The Book of Psalms is, among other things, an instruction book for how to speak to God. The psalms give us just the right words to speak when we are at a loss for words, or when we are stuck in the common rut of repetitive prayers. But even more than allowing us to borrow God’s own language, they demonstrate the appropriate way to approach God in prayer.
This is especially helpful in those moments in life when we struggle to make sense of what God is doing. Moments such as when our present affliction and uncertainties about the future don’t align with what we know God has promised in the past.

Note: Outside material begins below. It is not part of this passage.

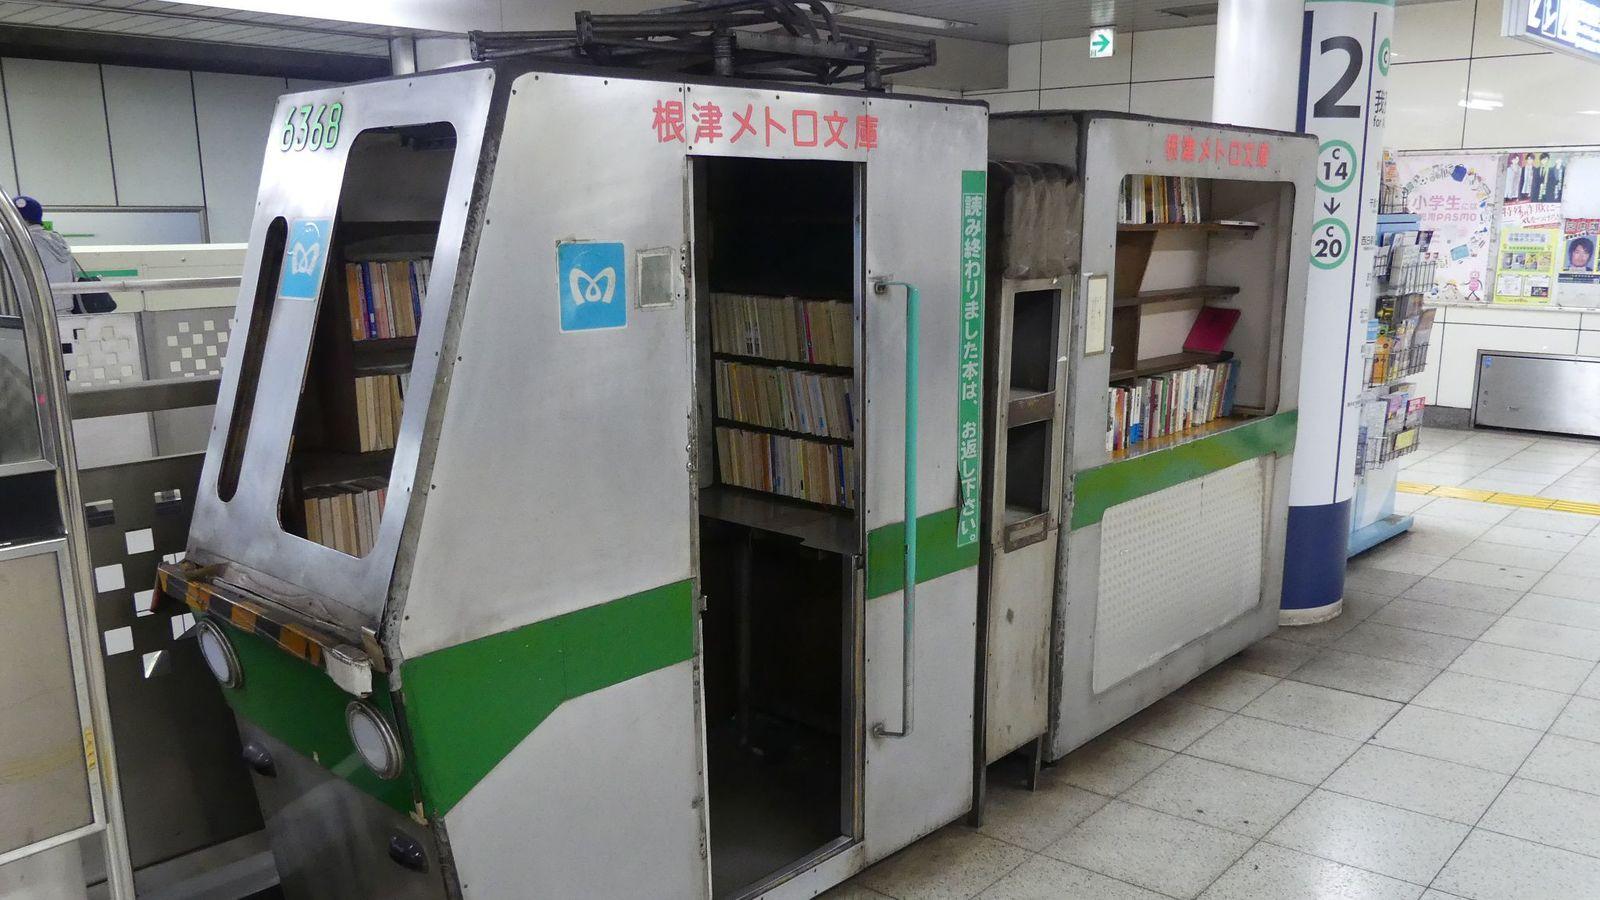 30年間愛された「根津メトロ文庫」が消える背景 最盛期には27駅にまで広がったが…

Or moments that require far more than the trite phrases and overworn cliches we so often hear. “God is good, all the time” is most definitely true, but that can ring hollow in the dark valleys of life and leave us grasping for words that truly express what we are feeling.
Psalm 77 is one of those honest psalms that refuses to settle for easy answers to complex questions. The psalmist opens his song by expressing his desperation and bringing it before the Lord. He knows that when the soul is tormented and no comfort is to be found, the only place to go, the only One to turn to, is God.
The psalmist is so troubled that he cannot speak. His own words fail, so he turns in his mind to the ancient words of his God. He remembers and he searches for an answer to his trouble not in his own wisdom, nor in the wisdom of others, but in the faithful promises of God.
That doesn’t mean that he simply remembers God’s great promises and immediately his problems dissipate like a morning fog. Rather, as he recalls God’s past promises he begins to wonder if they are in fact forgotten promises, relics of a time when God was truly with his people.
But the psalmist doesn’t stop there and wallow in his distress. Again, he turns to the remembrance of what God has done and said in the past. He remembers the deeds of the Lord and specially the great, covenant-defining moment of Israel’s redemption from Egypt. This moment in Israel’s history spoke loud and clear of God’s saving power and faithful love towards his chosen people. It was the event which shaped Israel’s identity and revealed the heart and character of God.
The psalmist does not just recall the Exodus event in passing, but he shuts his eyes and remembers the details of it. He marvels at waters of the Red Sea swept up into a heap and imagines how they shook in fear. He feels the trembling of the deeps below and the thunder above. He sees the flash of both the Egyptian arrows and the crashing lightning. And most vividly he beholds the open path through the sea by which his people were saved, and notices the unseen footprints of the Lord, leading his people to safety like the Good Shepherd he is.
As the psalmist remembers the details of the Exodus, his own troubled soul is calmed and the storm of questions raging inside his mind is quelled. He remembers the power and glory of God and is assured that God is greater than his troubles and worries. He remembers God’s faithful love and is able to find peace knowing that neither wind, nor wave, nor enemy army, nor human weakness, nor anything else in all creation can separate us from the love of God.